Comme le dit Tomatis, la voix peut être considérée comme un don de soi. Le chant est l’un des meilleurs moyens de donner et de s’offrir. Parler et chanter équivaut à faire sonner le corps et à toucher le corps de l’autre simultanément. En libérant ou en éduquant notre voix, nous libérons et éduquons aussi notre corps sans nous en rendre compte, révélant notre véritable potentiel de communication. En éduquant et en prenant conscience de notre système audio-vocal — la relation entre l’oreille et la voix — nous agissons indirectement sur de nombreux processus psychologiques et de comportement.
L’oreille est le capteur de contrôle de tout ce processus. Elle n’est pas un élément passif, mais un véritable capteur doté de potentialités spécifiques.
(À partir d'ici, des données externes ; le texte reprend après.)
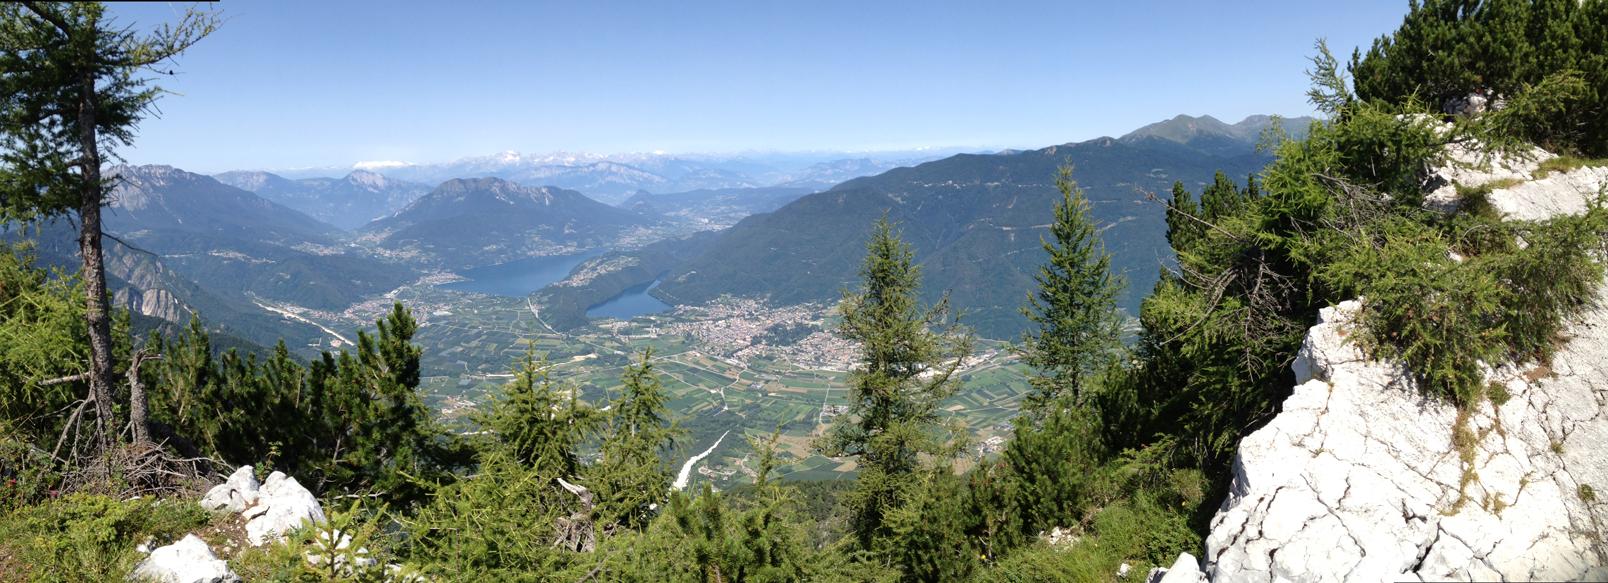 Panoramica dal sentiero
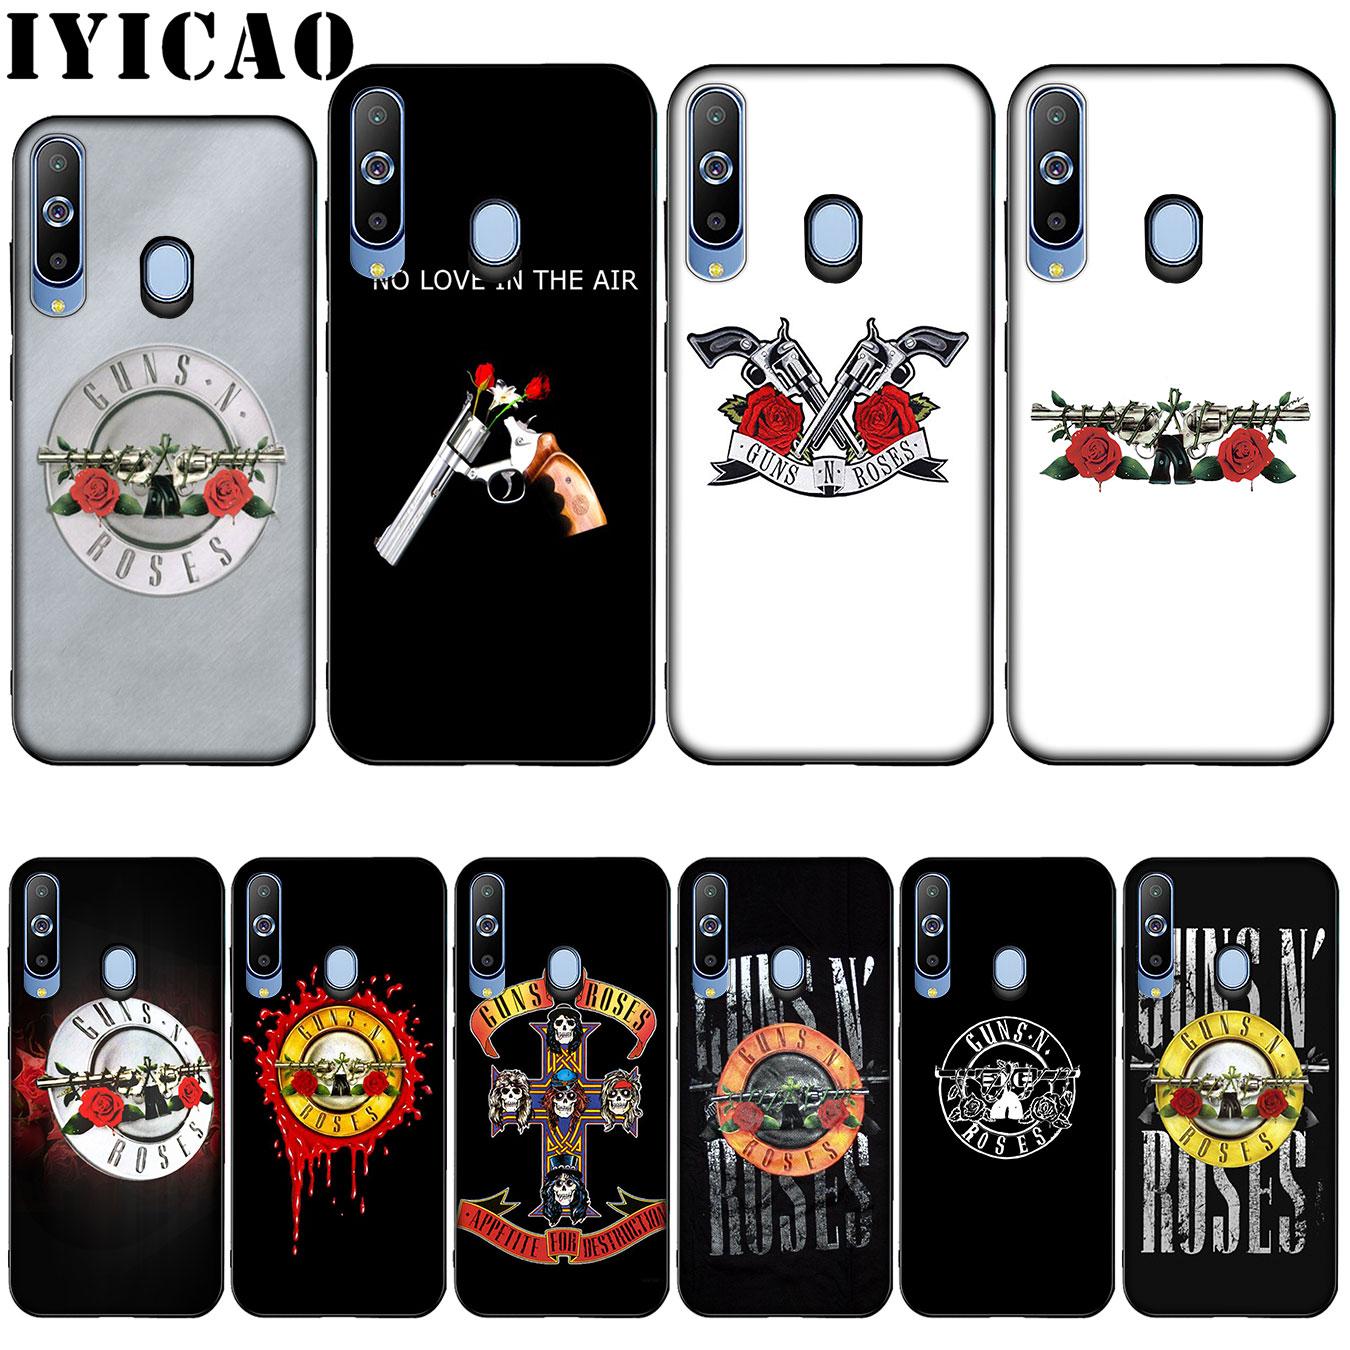 IYICAO guns n roses Silicone Soft Case for Samsung Galaxy A10 A30 A40 A50 A70 M10 M20 M30 Cover

Elle sait ce qu’elle va entendre et se met en posture d’écoute pour percevoir ce qu’elle désire apprendre. Nous savons que dans la voix humaine, il n’y a que les fréquences que l’oreille peut capter. L’émission est donc soumise aux lois de l’écoute. L’oreille est un régulateur supérieur — qui organise le geste et l’attitude corporelle par le vestibule, et assure l’acte d’écouter par la cochlée.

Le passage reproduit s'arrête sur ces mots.